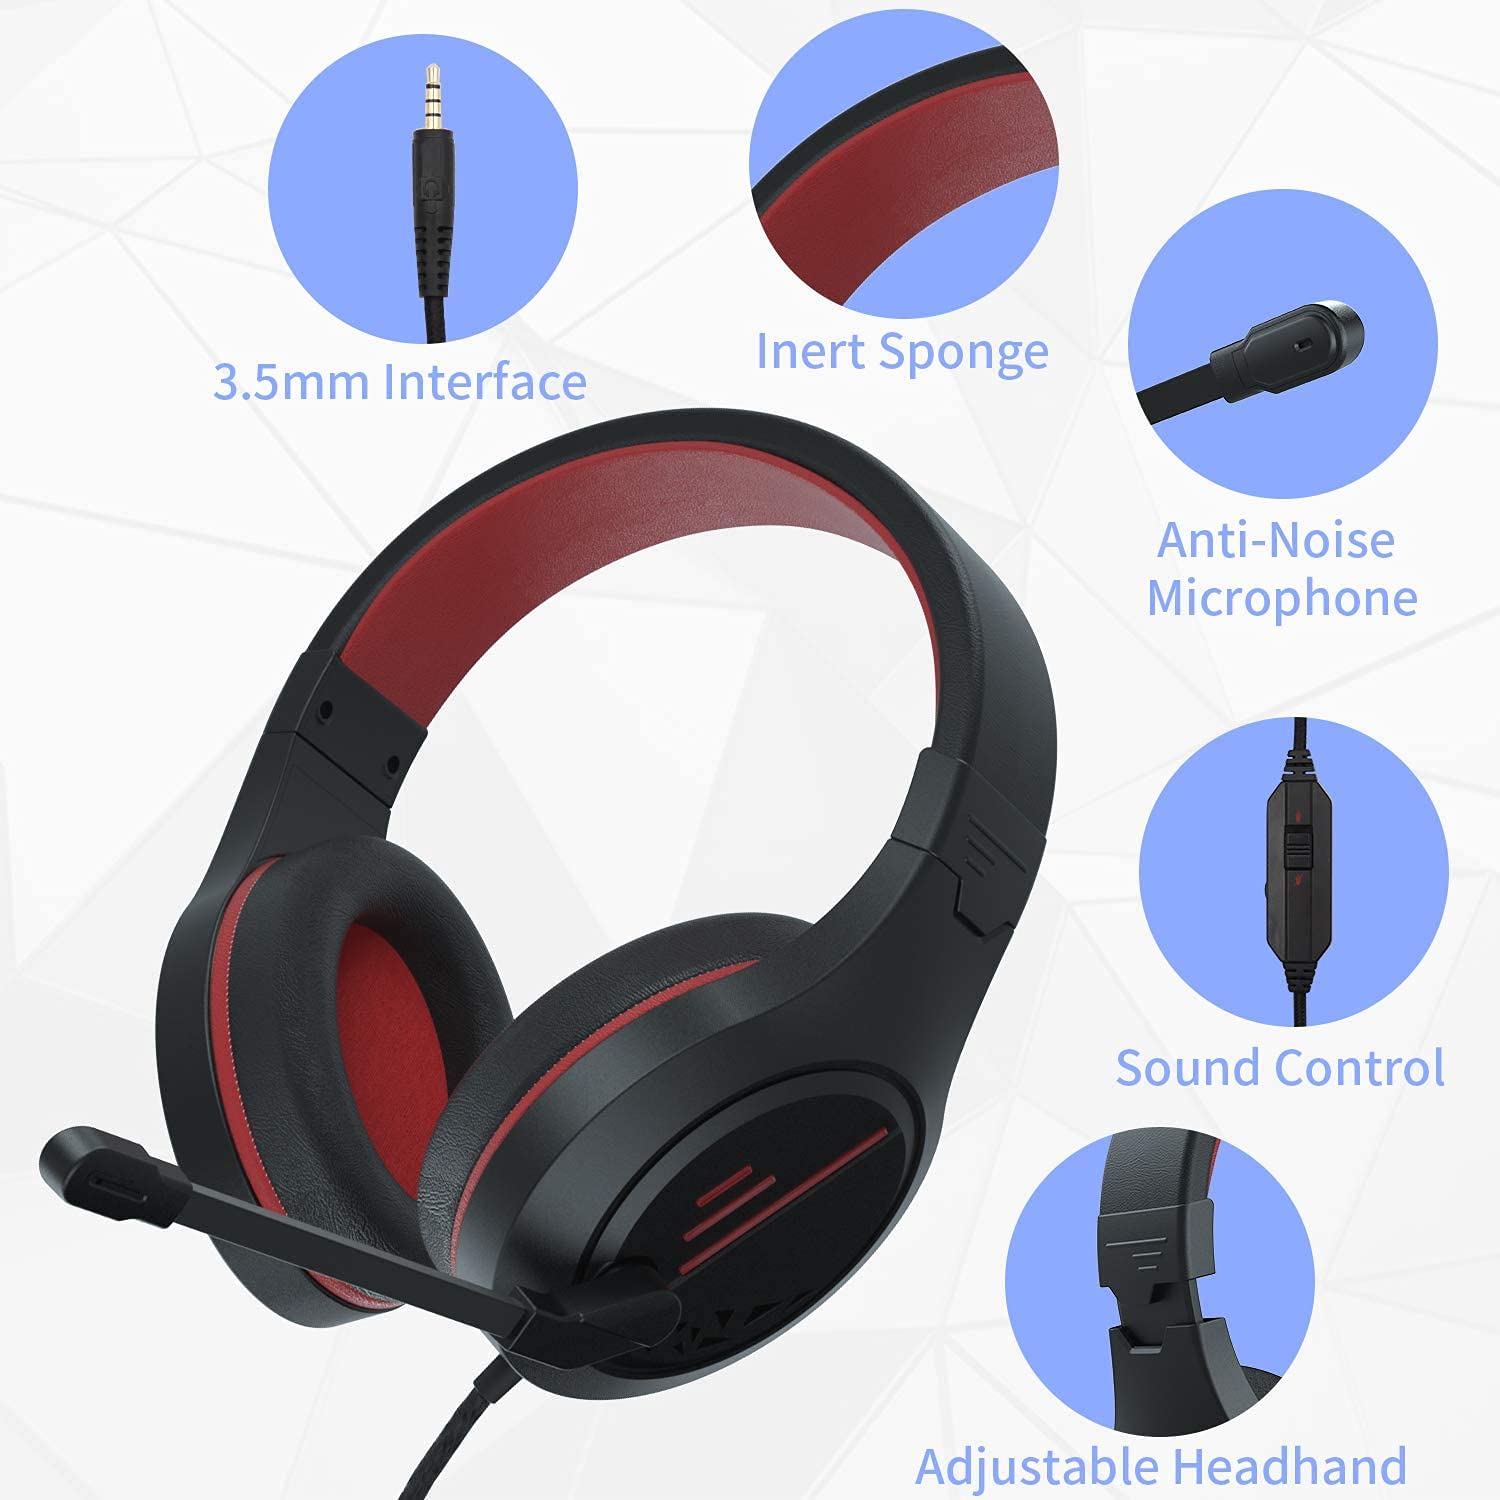 Anivia MH601 Headphones with Microphone LED Wired Headset with Active Noise Canceling Microphone, 3.5mm Audio Jack Stereo Headphone - Red (Game/Work/School)
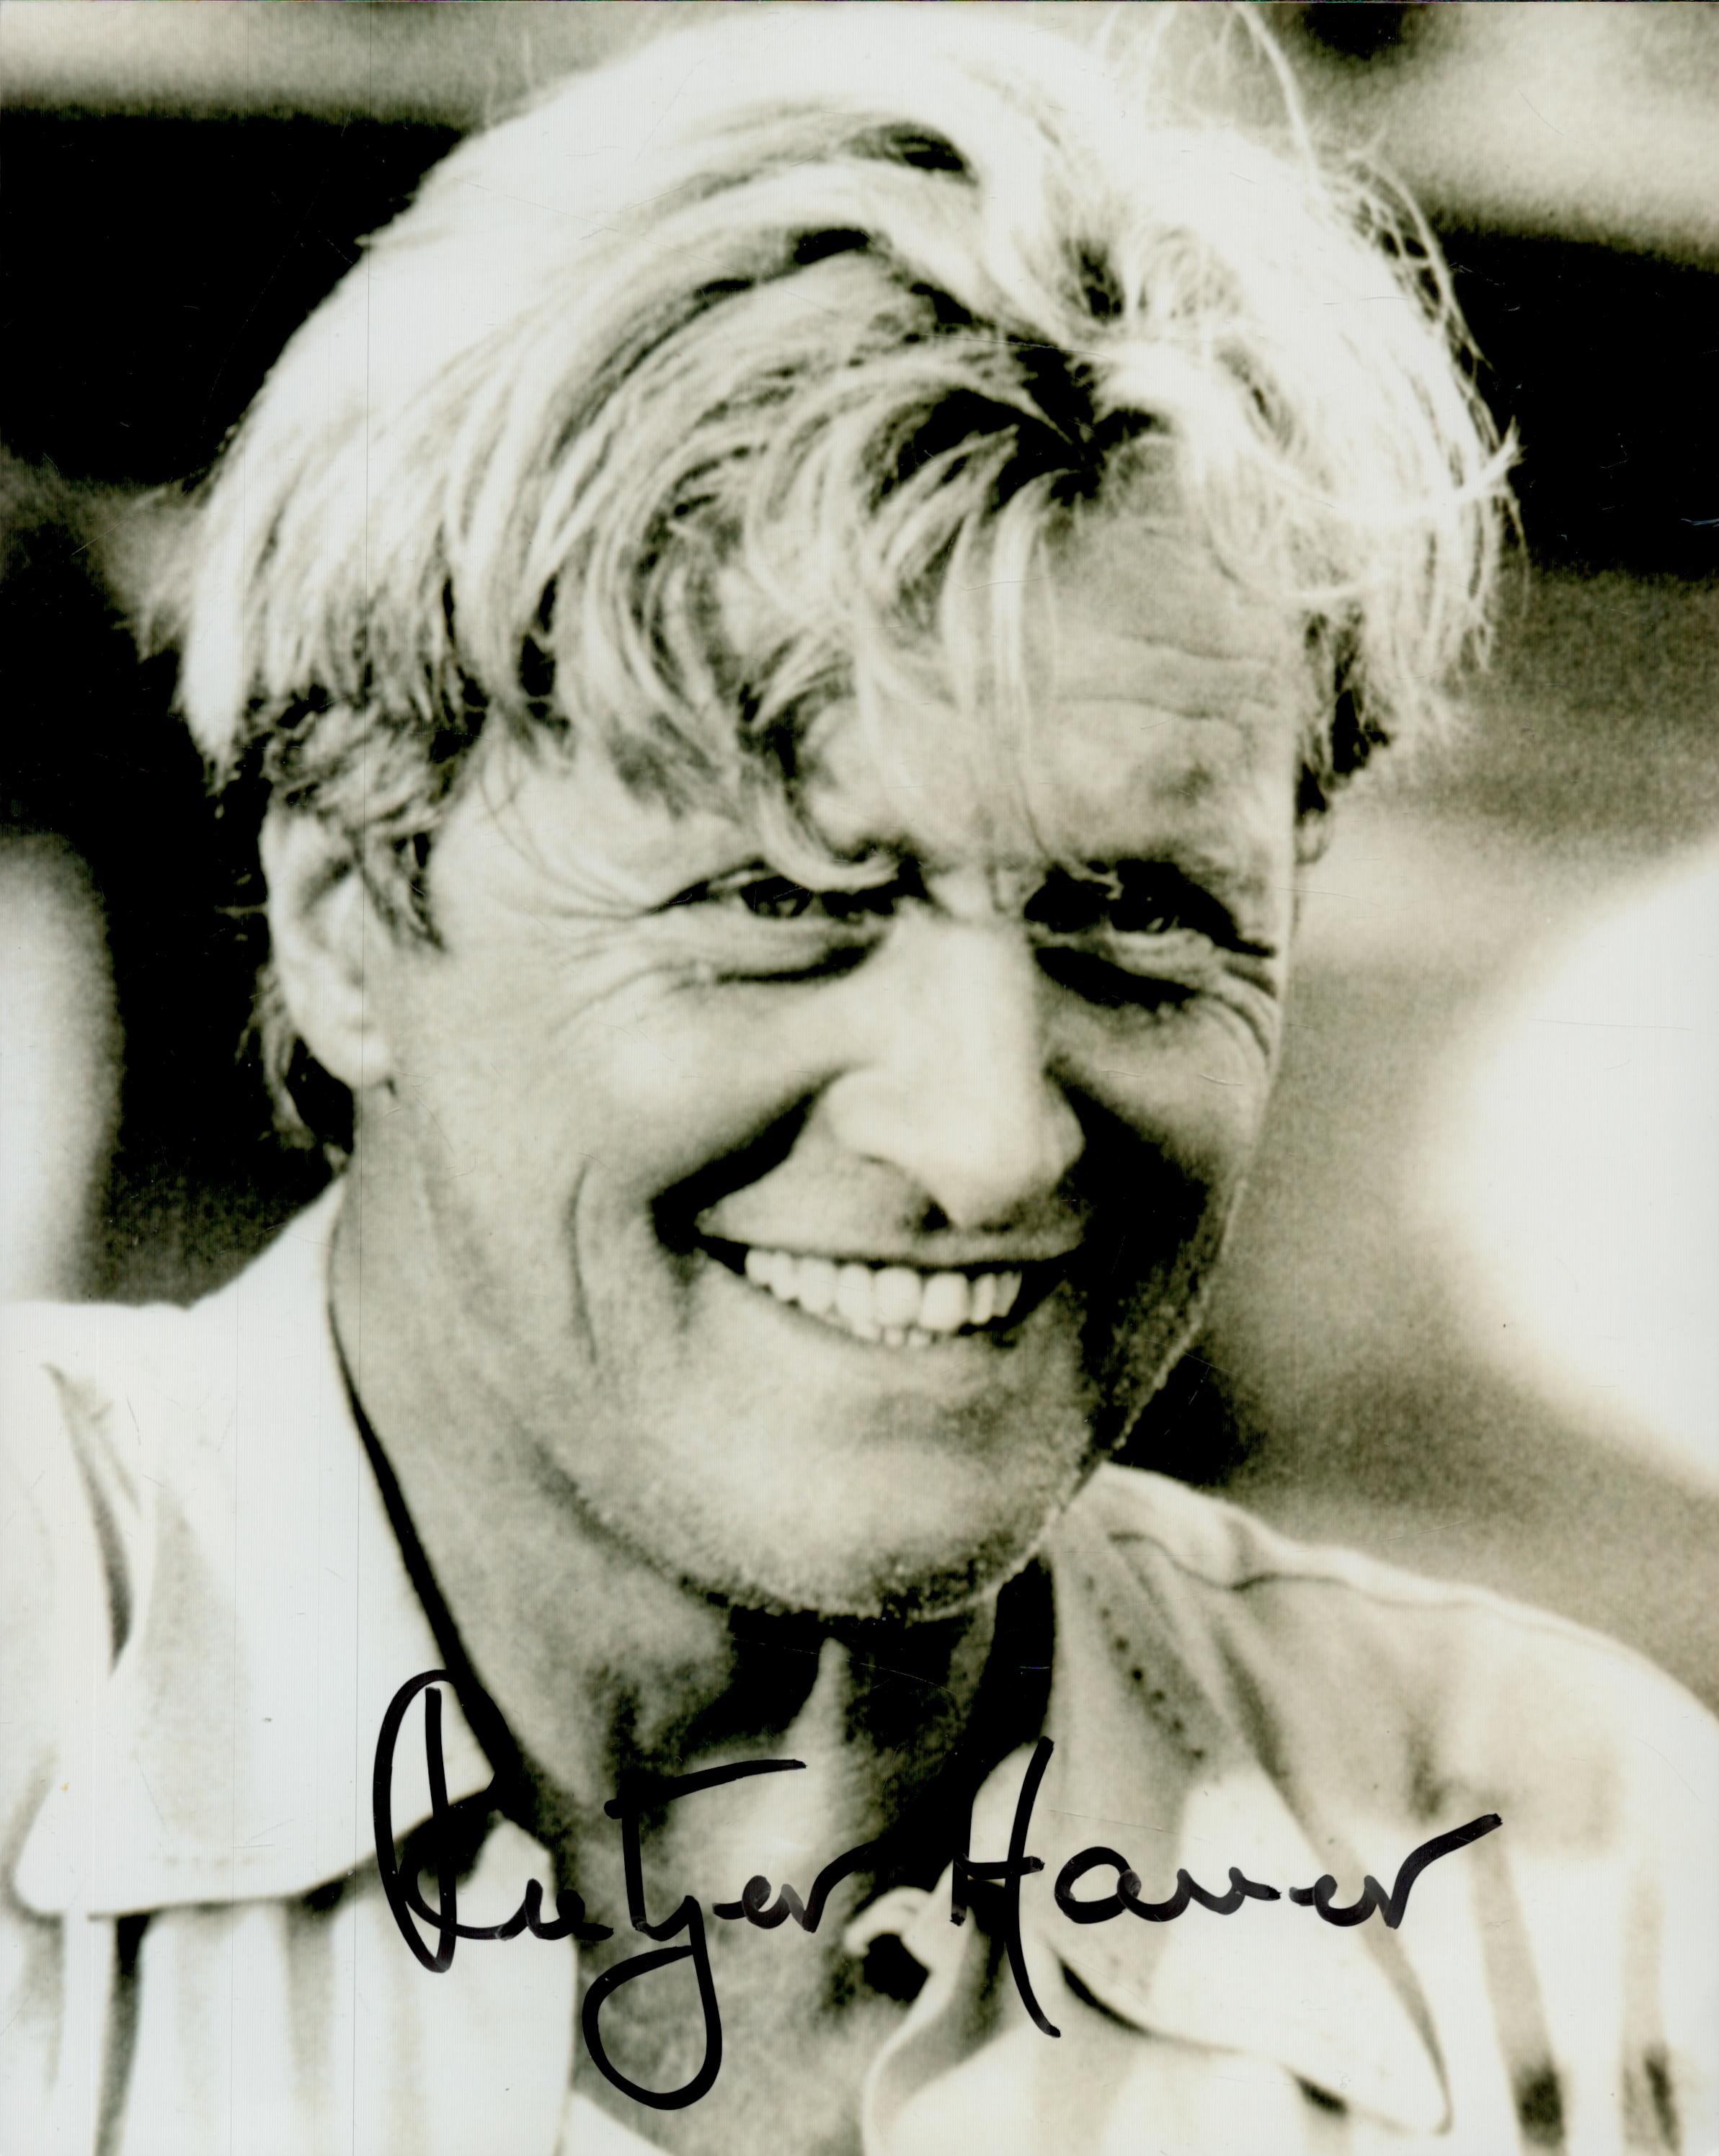 Rutger Hauer signed 10x8inch black and white photo. Also comes with TLS dated 21/3/2005. Good
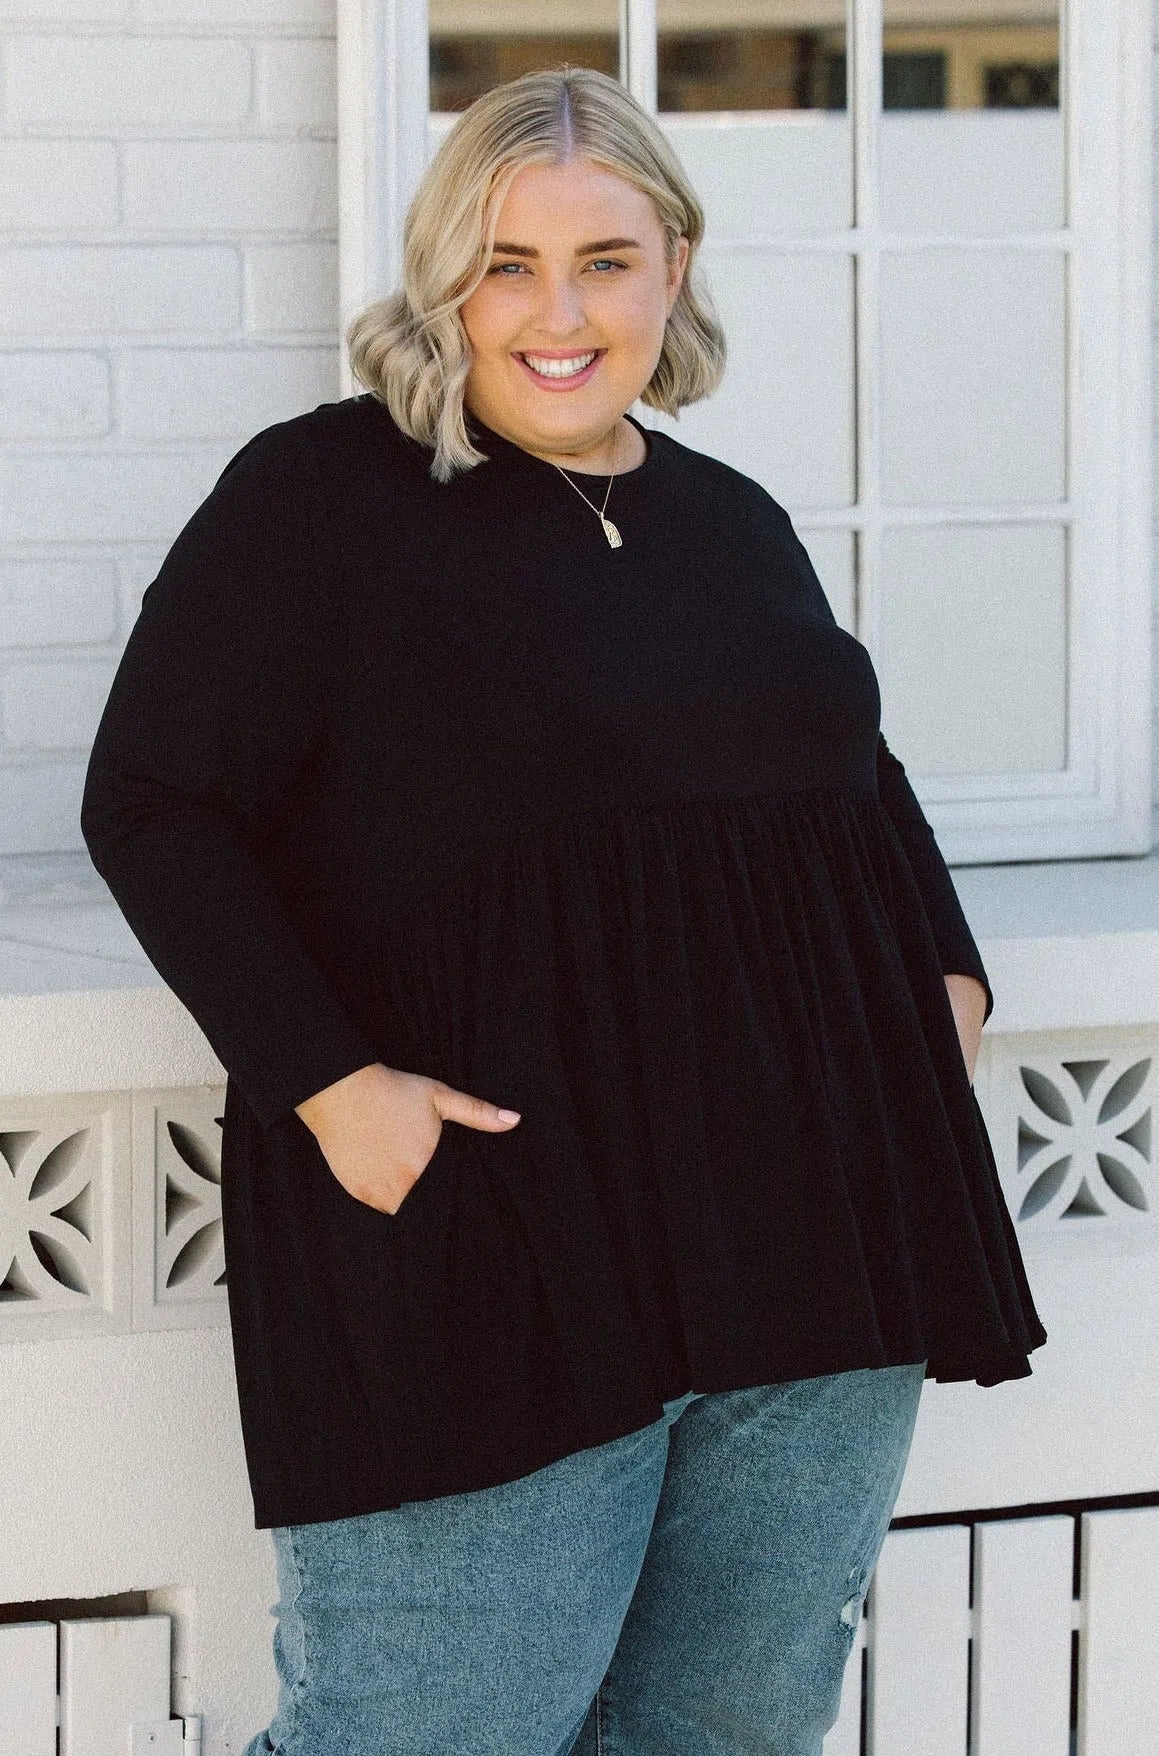 Plus Size clothing,  women modeling a Black Plus Size Long Sleeve Top - Elevate Your Style with Lucy Long Sleeve Top

Aim of the task: Transcribe the listing verbatim, pictures excluded.

Answer to the problem:
 Anivia MH601 Headphones with Microphone LED Wired Headset with Active Noise Canceling Microphone, 3.5mm Audio Jack Stereo Headphone - Red (Game/Work/School)
 Rutger Hauer signed 10x8inch black and white photo. Also comes with TLS dated 21/3/2005. Good
 Plus Size clothing,  women modeling a Black Plus Size Long Sleeve Top - Elevate Your Style with Lucy Long Sleeve Top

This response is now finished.